Method and window structure in buildings for Protect the crystals during storms.

Background of the invention Field of the Invention

The present invention relates to protection of glass windows during storm conditions, and, more particularly, to the use of a layer of polymer foam applied to the exterior of a glass to protect the glass from breakage and damage due to strong winds and debris carried by the wind.

Discussion of the prior art

The protection of glass in buildings during the storms it has been a big problem in the past, and it they have made many efforts to prevent crystals from becoming shatter and fall into the building due to strong winds, projectiles and debris, thus damaging the interior of the building due to glass and due to damage caused by the wind and rain passing through the broken glass. The tries of the prior art to protect the windows of the buildings of the damage caused by the storms have included shutters prefabricated for storms, plywood sheets, lamination systems and application of adhesive tapes. The storm shutters are usually made of aluminum or other lightweight metal alloys, fiberglass, acrylate, a polyvinyl or other plastic. The shutters for storms are manufactured to fit the exact measurements of the window structures to be protected, including the crystals, and they have the disadvantages of being expensive and requiring substantial time for its manufacture, so that the shutters for storms are not available unless they take care of much sooner of a storm Plywood sheets are sold, of in general, in sheets of 1.22 m by 2.44 m, with a thickness of 1.59 cm, so that plywood sheets weigh approximately 22.7 kg each. Wood sheets Plywood should be cut to fit the size of the window structures, and are normally drilled and screwed in the building or the window frame, requiring crafts, work and hardware and, therefore, having the disadvantages of being faces and require substantial time to cover the windows when a storm is coming, as well as being extremely heavy. The lamination systems, such as those supplied by 3M Corporation (eg Scotchshield) have the disadvantages that they are films applied inside the crystals, because they are designed to prevent shattered glass from bursting, to thus prevent damage caused by rain and that Glass fragments become projectiles. The movie is not particularly effective in preventing the glass from shattering, and not It makes glass more resistant to breakage. Since the movie is inside the glass, it cannot absorb enough energy from the glass fast enough to prevent failure or fracture of the glass if the glass is hit by debris or projectiles. Therefore, the main use of lamination systems is prevent broken glass from separating into fragments. The application of adhesive tapes on the windows results, at most, the clamping most of a fractured glass, instead of reduce the damage caused by rain and the risk that People cut themselves.

U.S. patents No. 3,830,670, of Bengston, and No. 4,596,725, of Kluth et al . They are examples of polyurethane foams and discuss single-component and two-component polyurethanes. U.S. patents No. 3,455,865, of Bolt et al ., No. 3,486,918, of Motter, No. 4,636,543, of Helton, No. 5,020,288, of Swenson, No. 5,107,643, of Grogan et al ., No. 5,186,978 , of Woodhall et al ., No. 5,281,436 of Swidler, No. 5,302,413, of Woodhall et al ., No. 5,362,786, of Woodhall et al ., No. 5,411,760, of Woodhall et al . and No. 5,523,117, of Woodhall et al ., are representative of films or polymeric layers for glass and / or films or layers separable by takeoff. None of the previous patents describe or contemplate the use of a polymer foam to protect a window structure installed in a building for protection against damage caused by storms.

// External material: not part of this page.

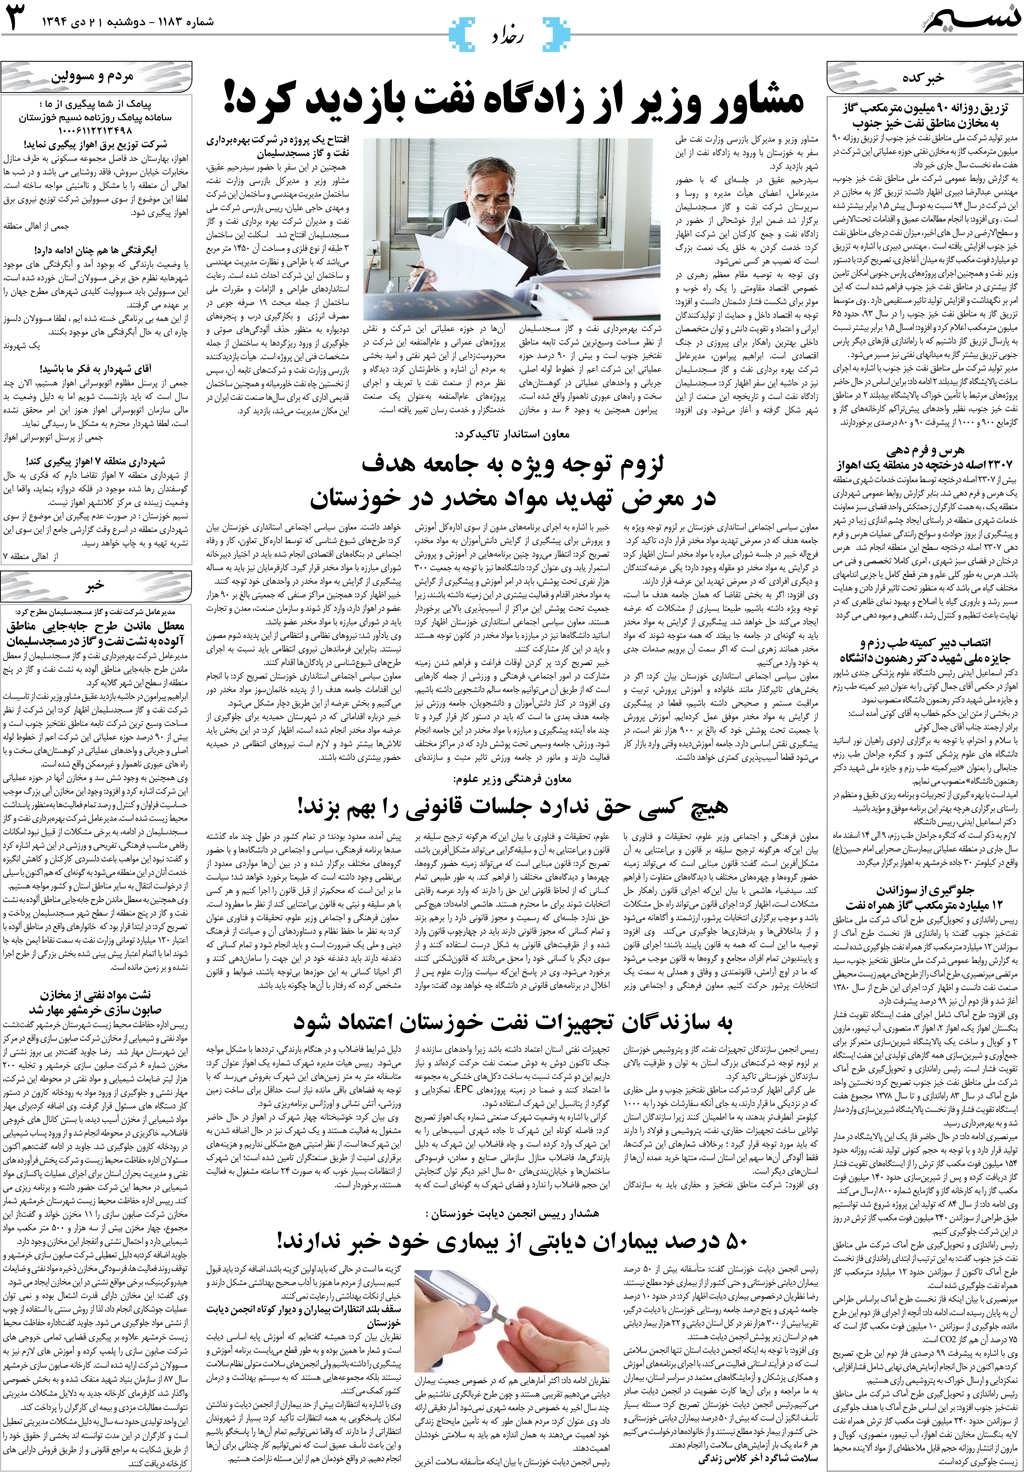 صفحه رخداد روزنامه نسیم شماره 1183

From the above, it will be appreciated that there are a great need to protect the crystals of the structures of window installed in buildings due to storms, where protection can be applied quickly and cheaply at the same time of being also easy to remove.

Summary of the invention

Therefore, it is an object of the present invention provide a protection for crystals that exceeds Disadvantages of the prior art mentioned above.

Another object of the present invention is to protect the windows of the buildings from the damages caused by the storms, applying or temporarily adhering a layer of foam polymeric on the glass and, after the storm passes, remove the polymer foam layer by detaching or separating the layer of the crystal

A further object of the present invention is apply a polymeric foam, such as high impact styrene or a layer of polyurethane foam to a crystal of a structure of window in a building, so that it absorbs energy from the debris during a storm and maintain the integrity of the crystal in the case of harm in him.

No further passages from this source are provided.